_WORK REQUEST:_
Every line of the listing below is to be repeated exactly; the pictures stay out.

_INPUT DATA:_
+++++

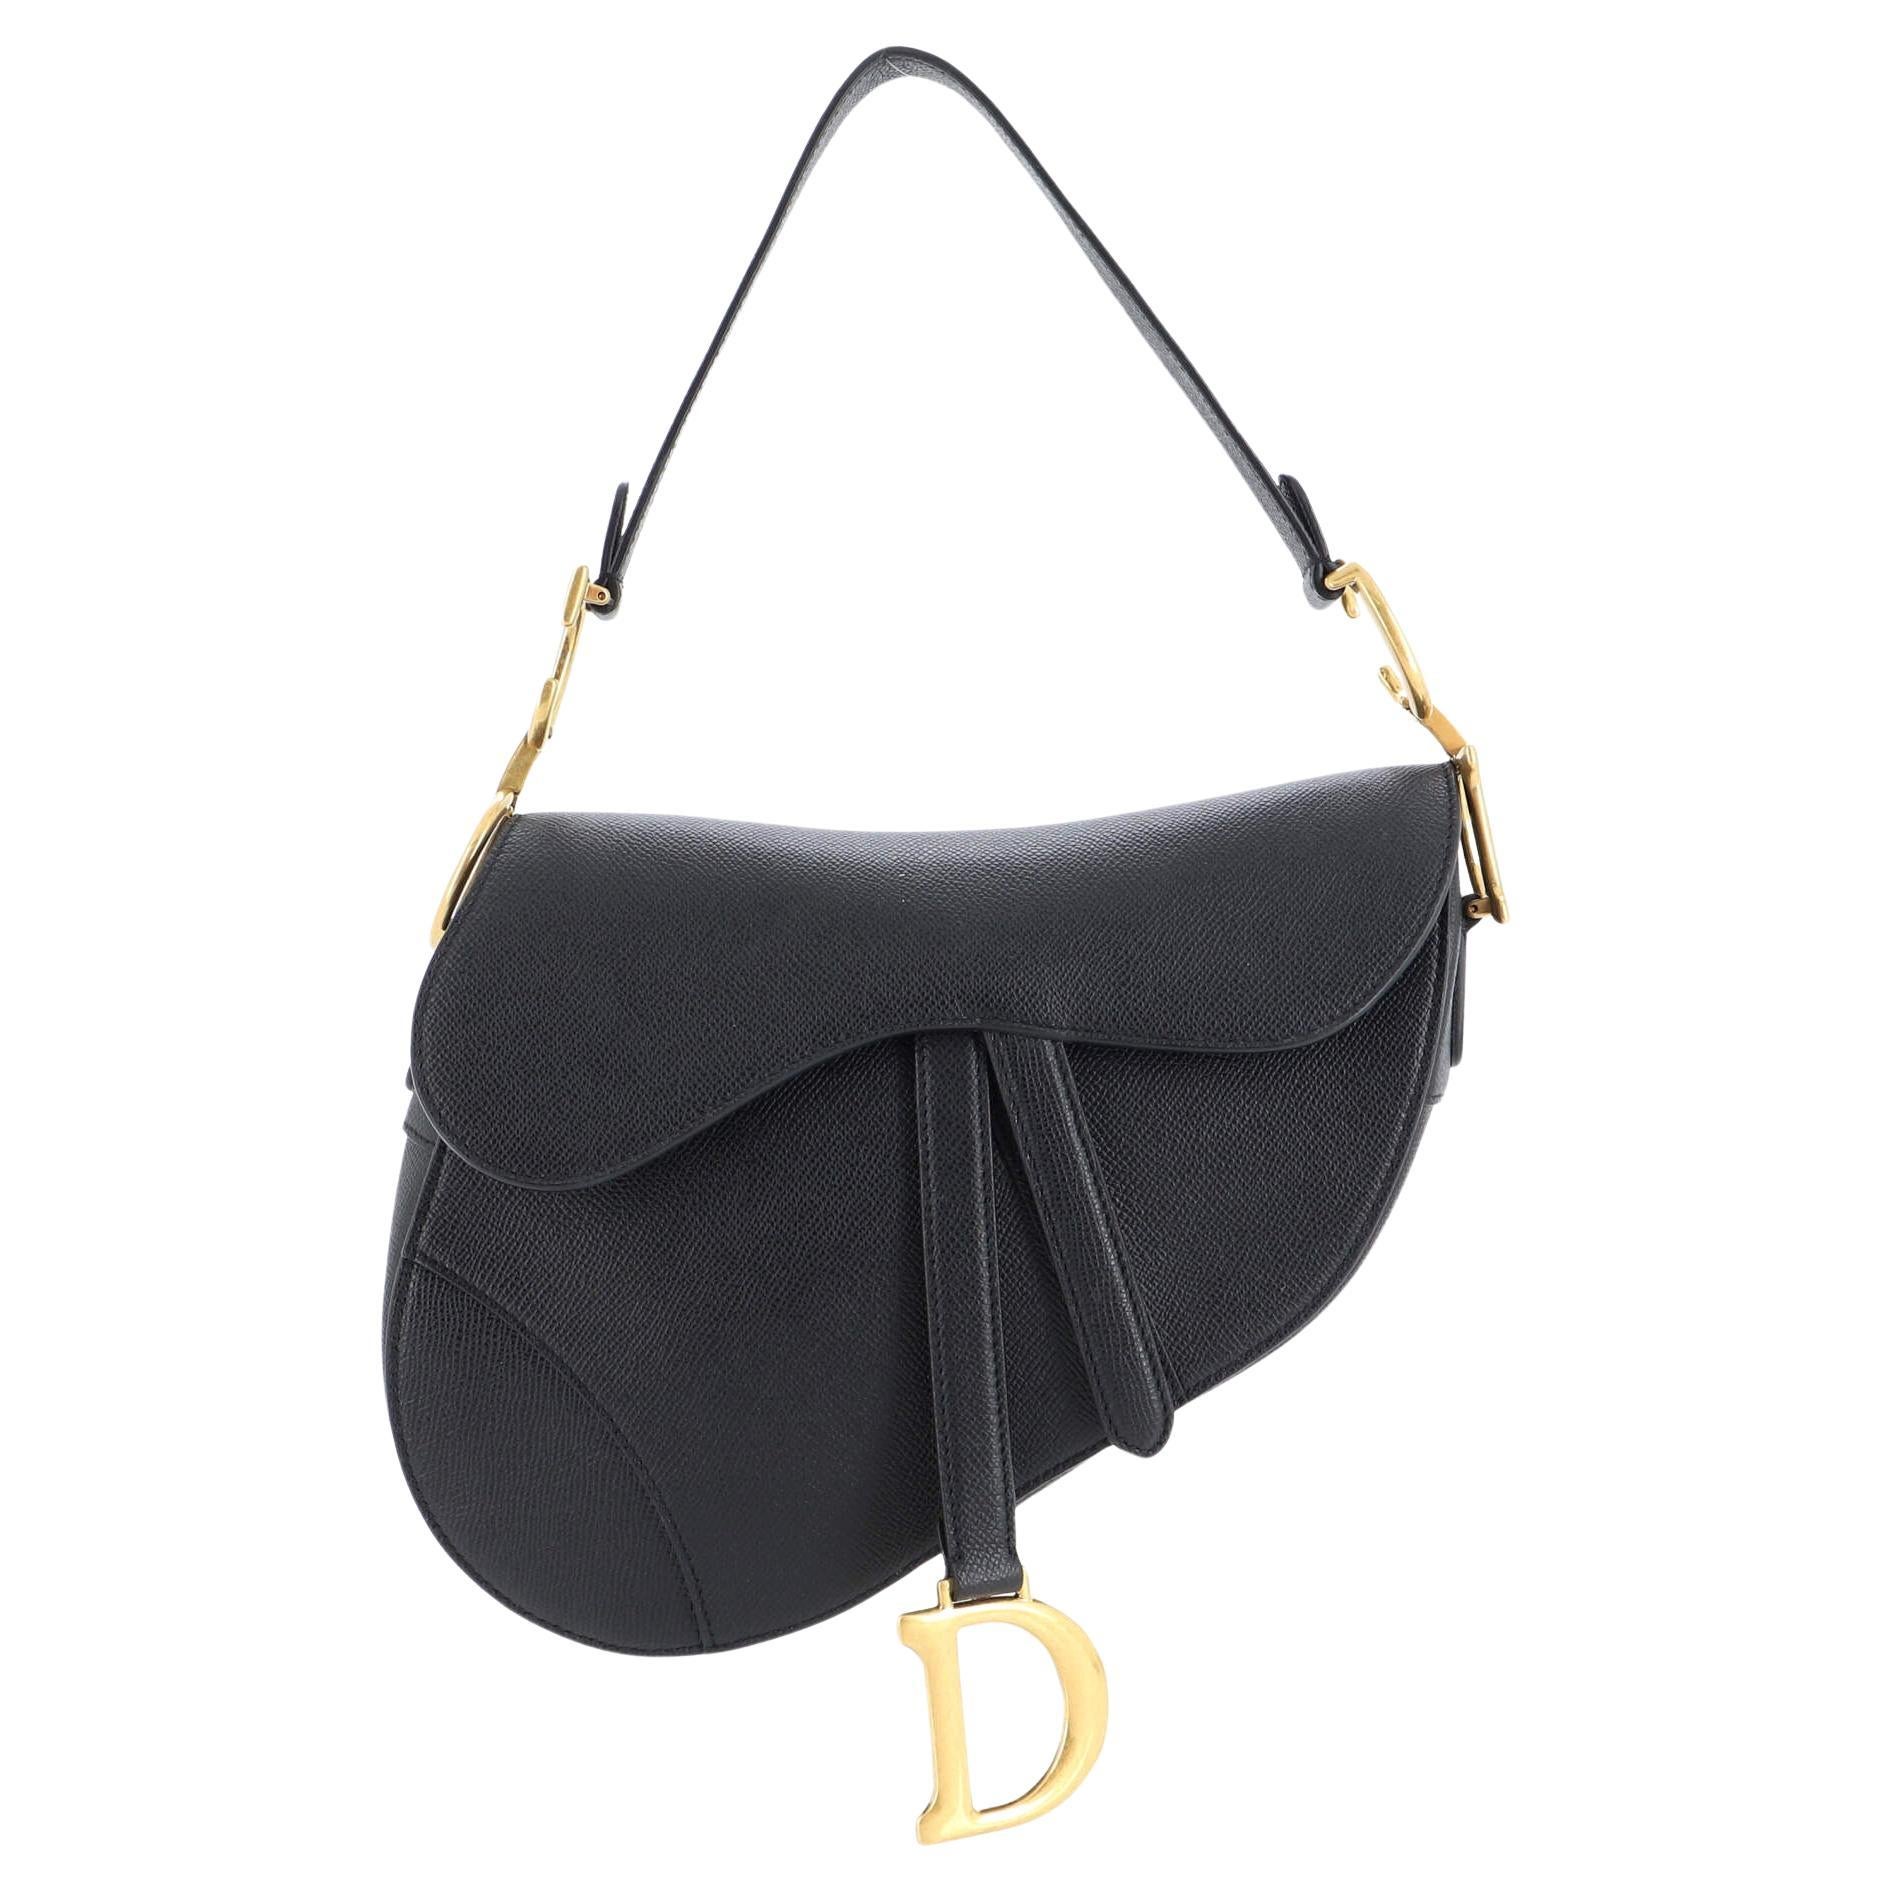 Dior Grey/Beige Stringray and Suede Flap Saddle Shoulder Bag Dior
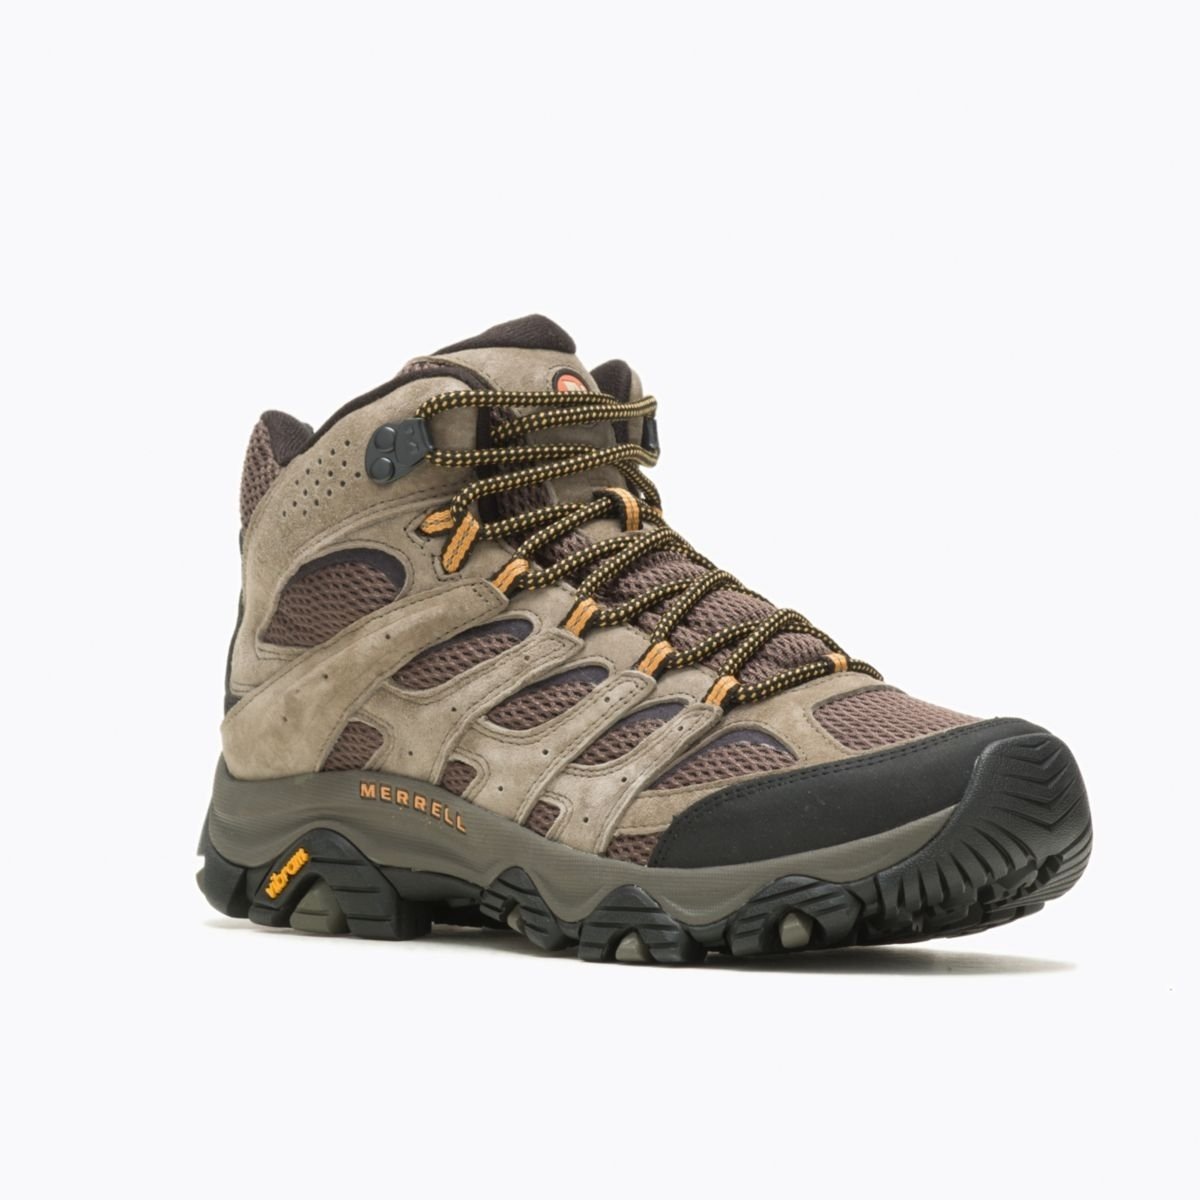 Merrell Men's Moab 3 Mid GORE-TEX Hiking Boot Walnut - J035795 WALNUT - WALNUT, 8.5
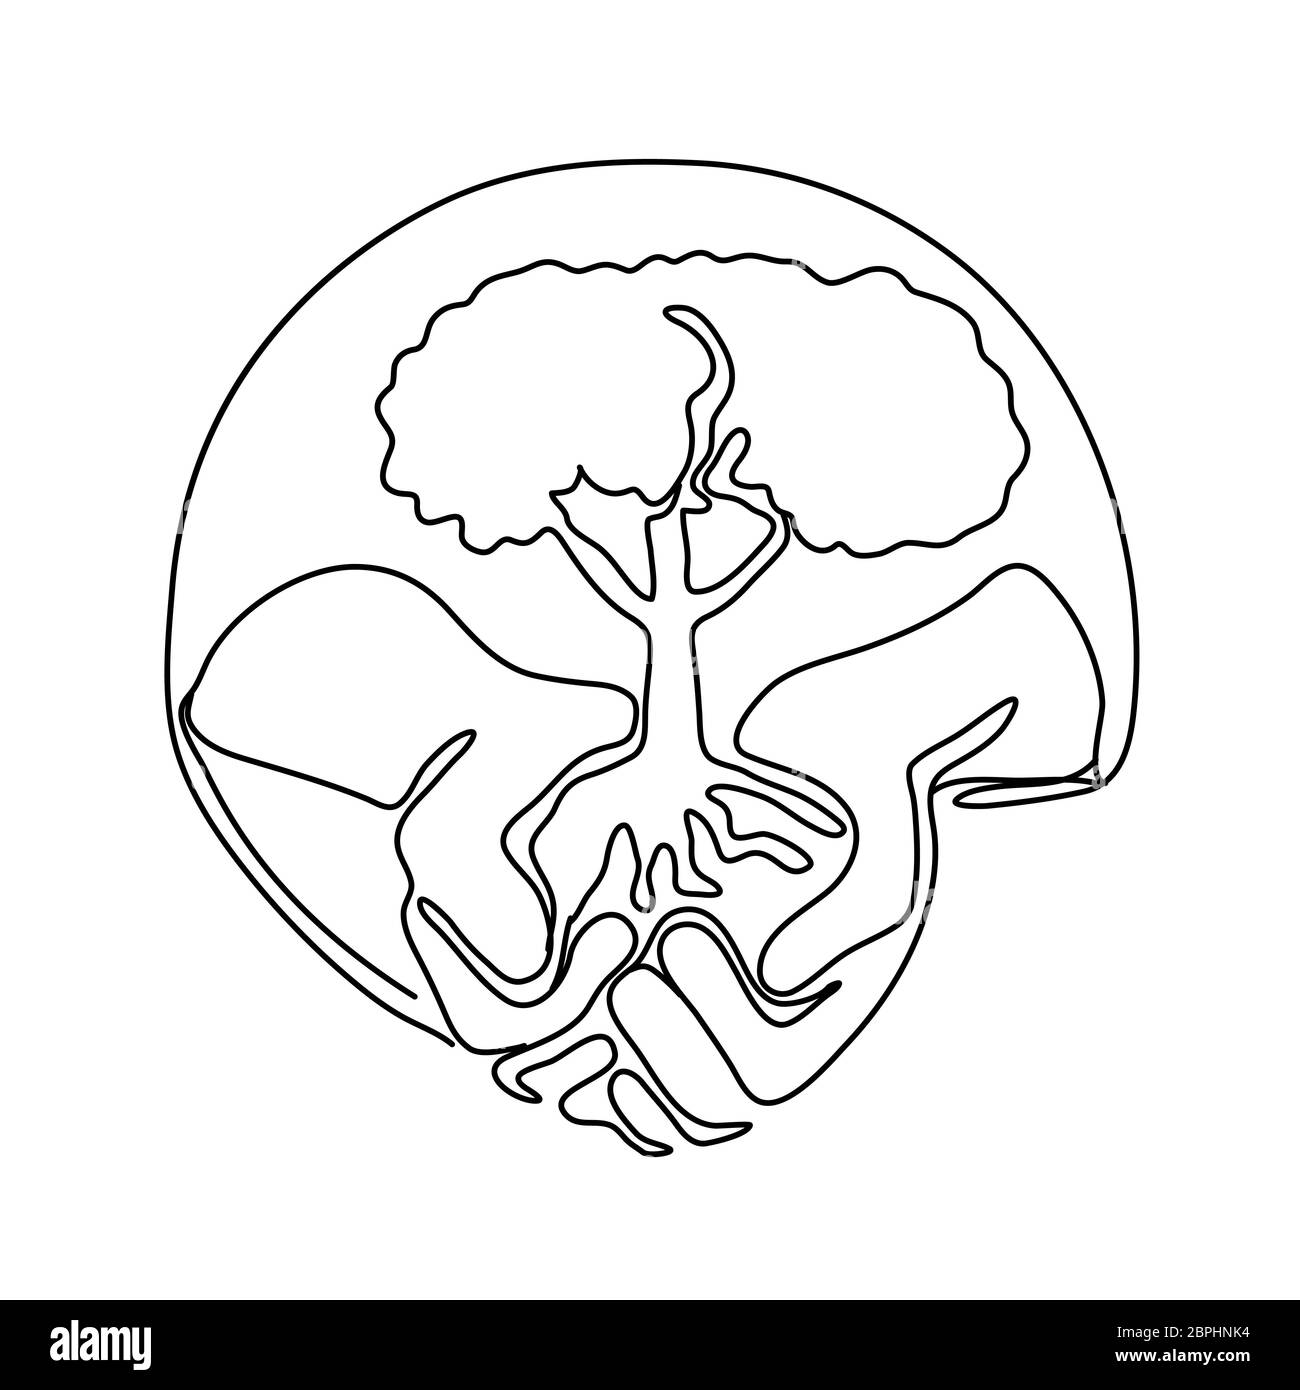 Linea continua illustrazione di una mano che regge un albero sul palmo della mano imposta all'interno di forma ovale realizzato in stile monolinea in bianco e nero. Foto Stock

+++++

_RESPONSE TO THE TASK:_
 Dior Grey/Beige Stringray and Suede Flap Saddle Shoulder Bag Dior
 Merrell Men's Moab 3 Mid GORE-TEX Hiking Boot Walnut - J035795 WALNUT - WALNUT, 8.5
 Linea continua illustrazione di una mano che regge un albero sul palmo della mano imposta all'interno di forma ovale realizzato in stile monolinea in bianco e nero. Foto Stock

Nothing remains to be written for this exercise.